* **What to produce**:
Please return exactly the lines below that run from the line with "بي ام دبليو" through the end of the listing, both included, but not the pictures.

* **Available data**:
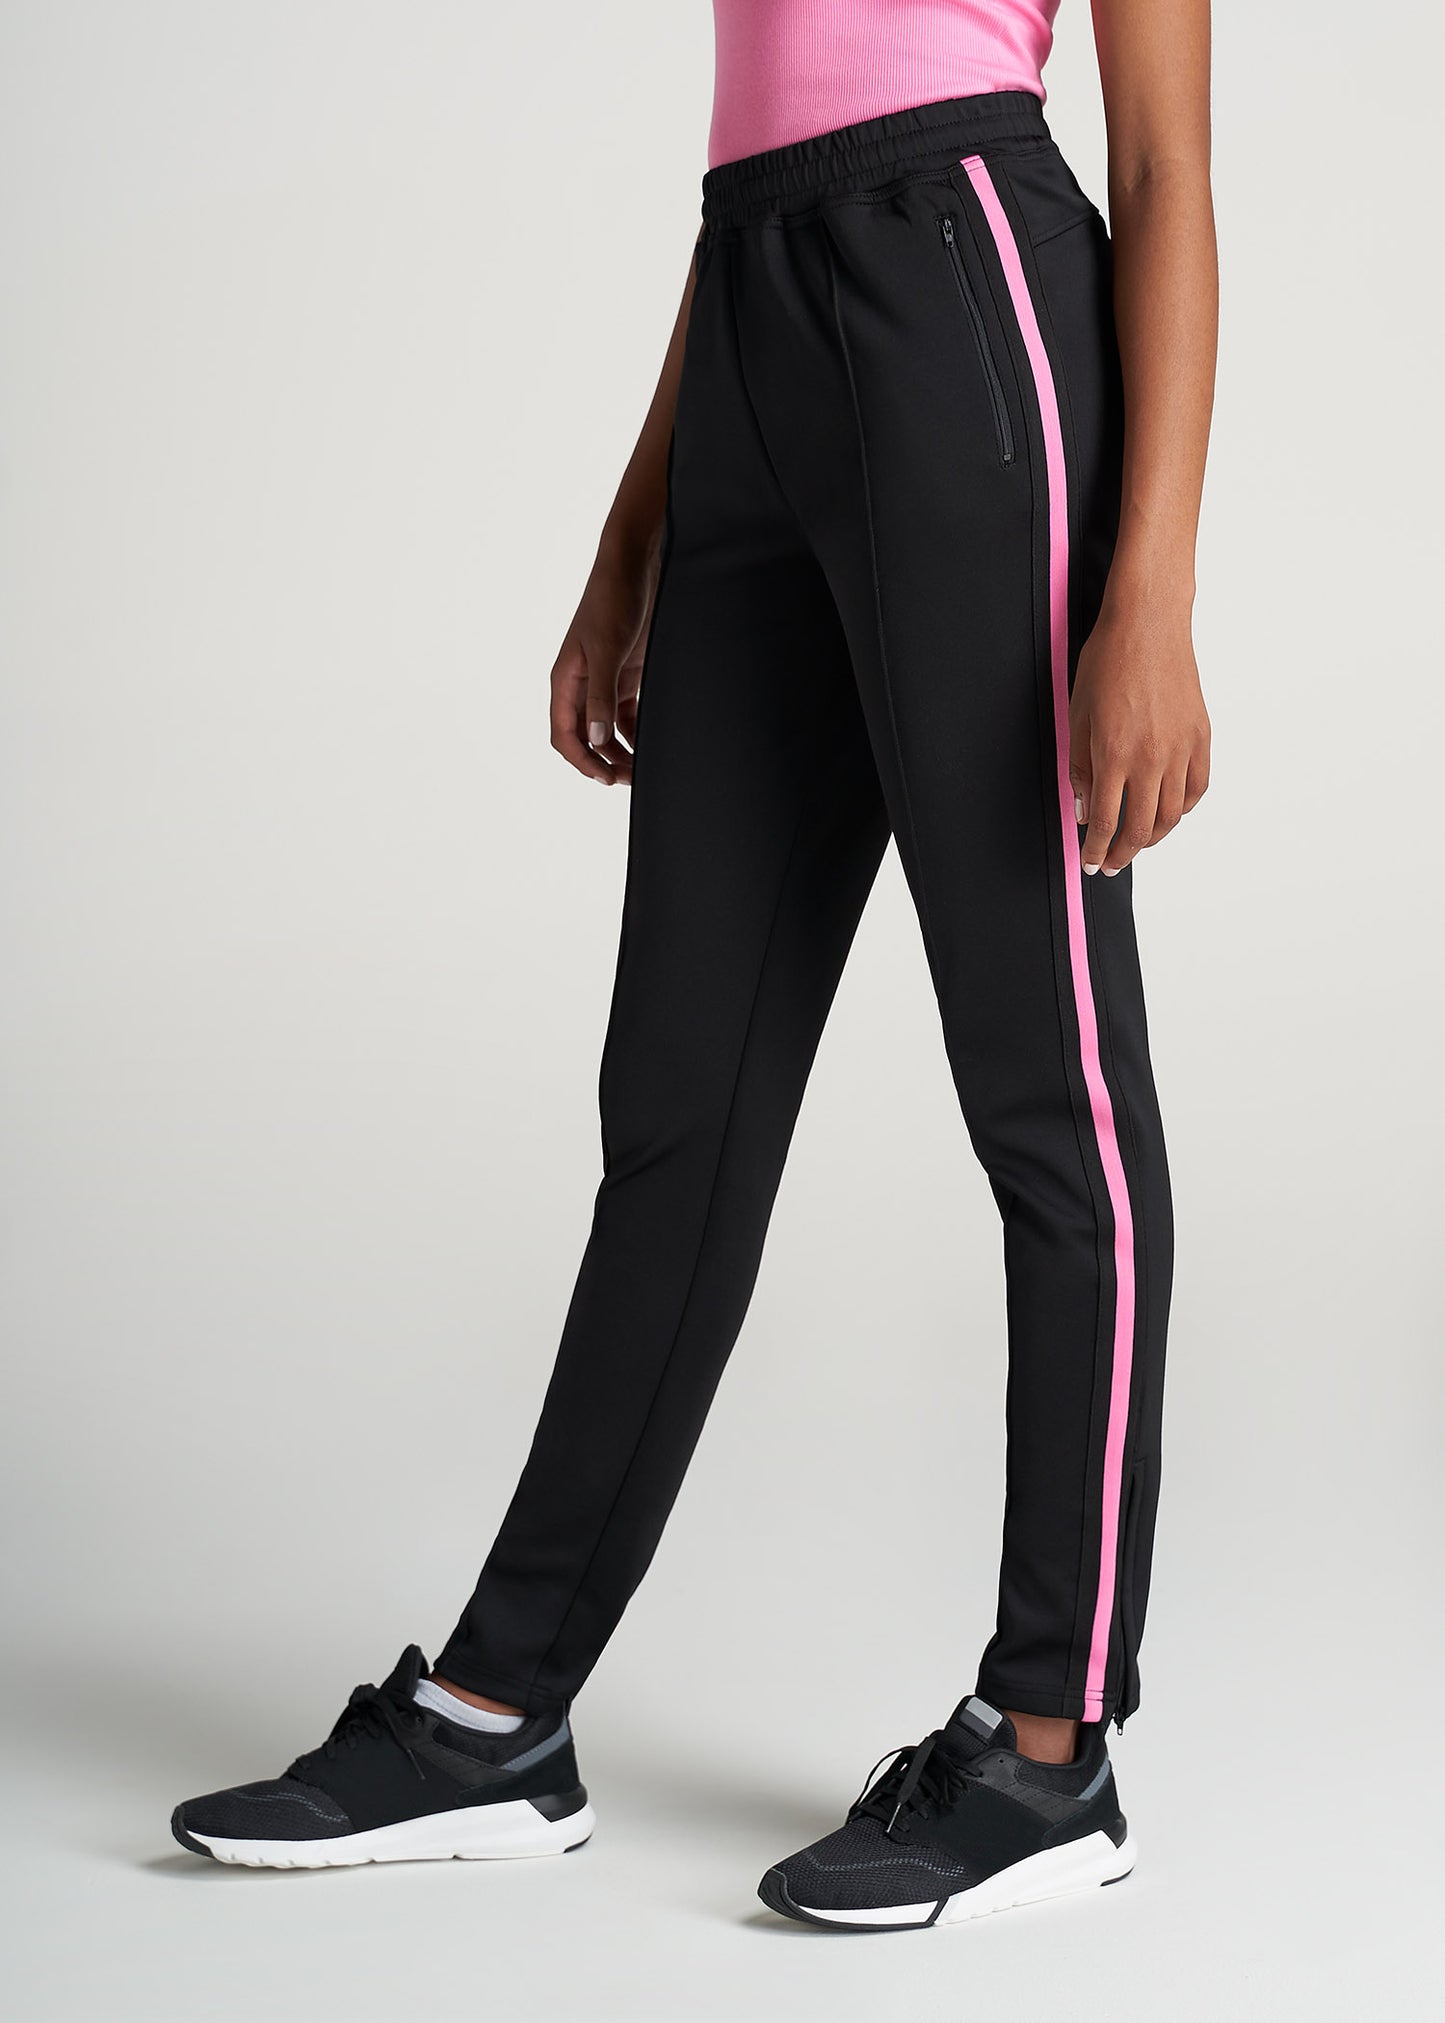 Wear for Women: Tall Black Pink Stripe Pant – Tall
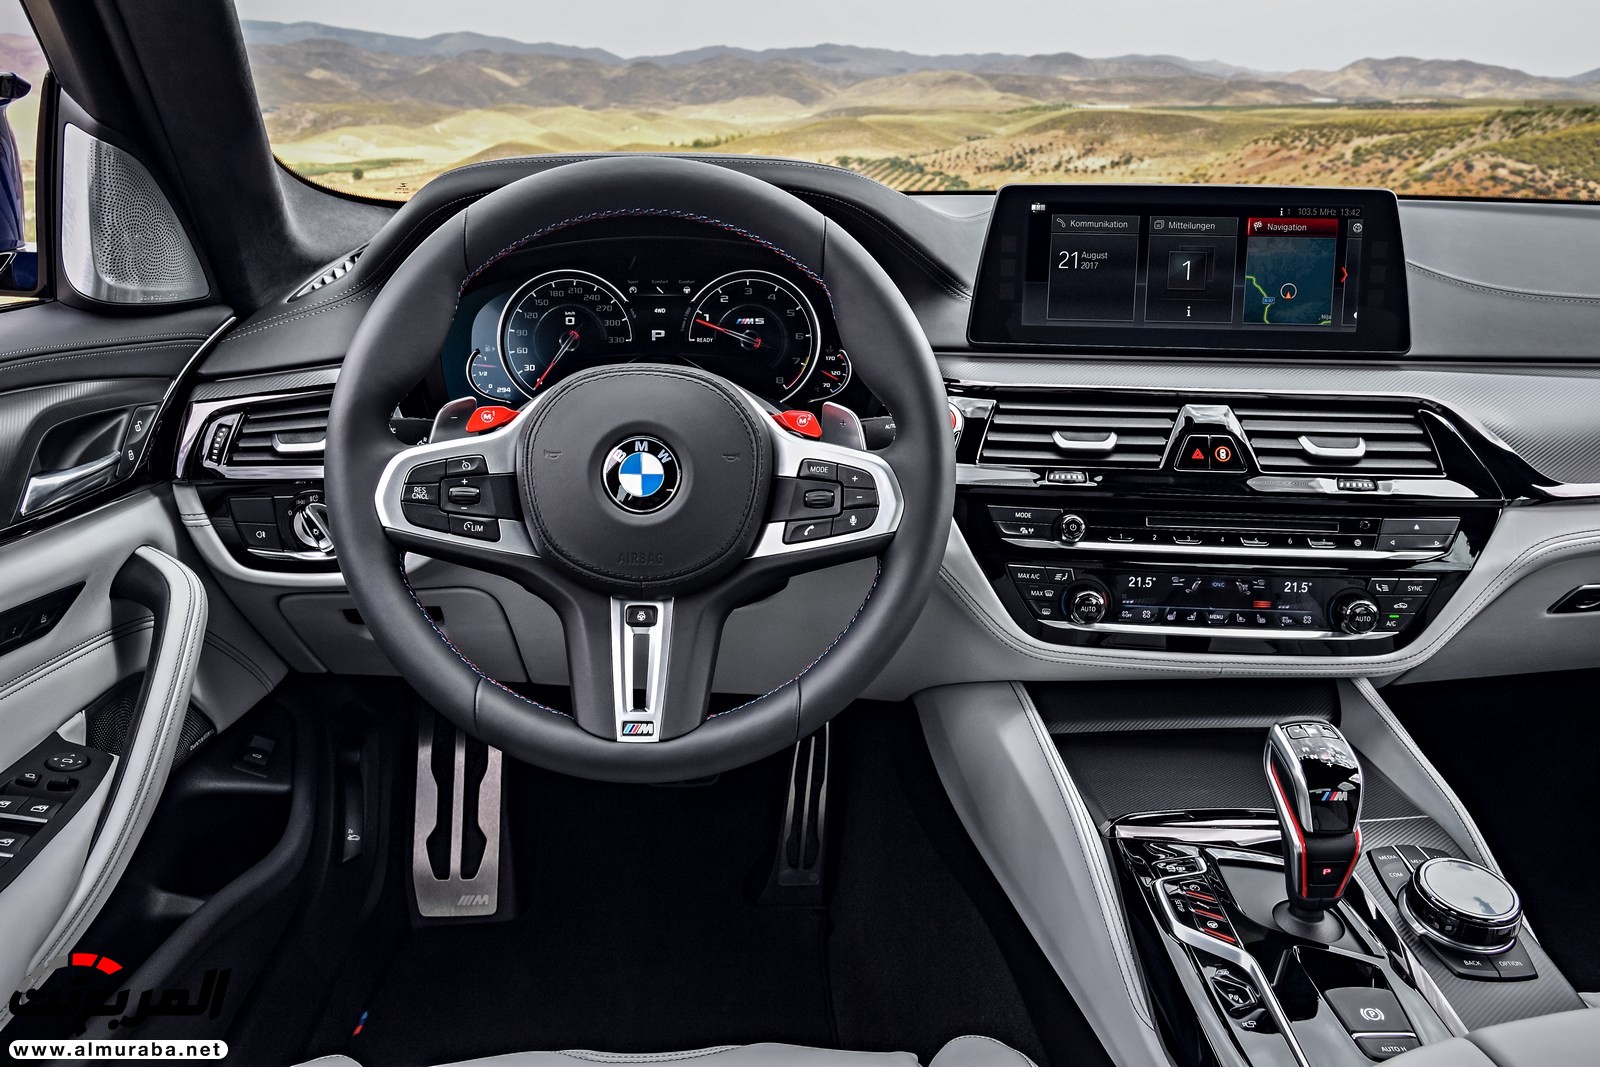 بي ام دبليو M5 2018 تكشف نفسها رسمياً بقوة ٦٠٠ حصان "صور ومواصفات" BMW 189
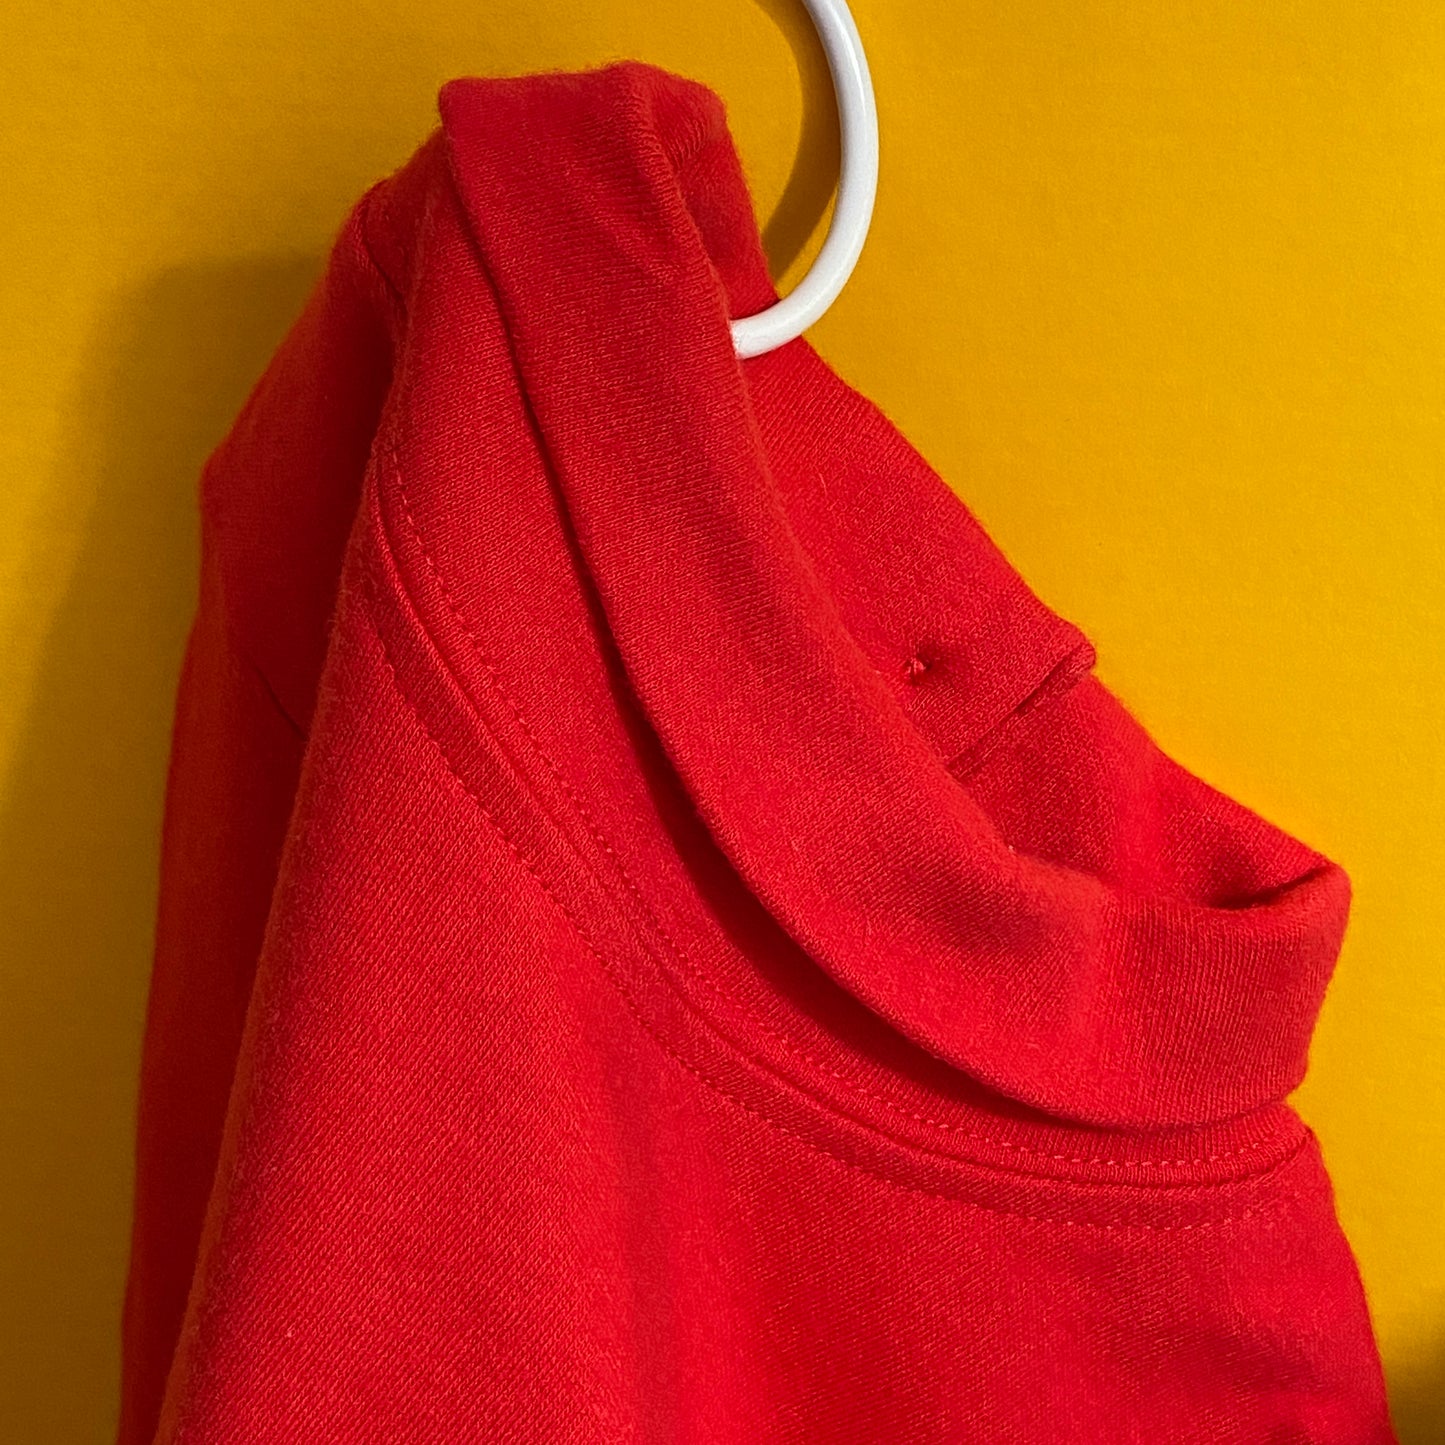 Red Turtleneck Long-Sleeve Shirt (3-6M)

* **Exercise answer**:
 بي ام دبليو M5 2018 تكشف نفسها رسمياً بقوة ٦٠٠ حصان "صور ومواصفات" BMW 189
 Red Turtleneck Long-Sleeve Shirt (3-6M)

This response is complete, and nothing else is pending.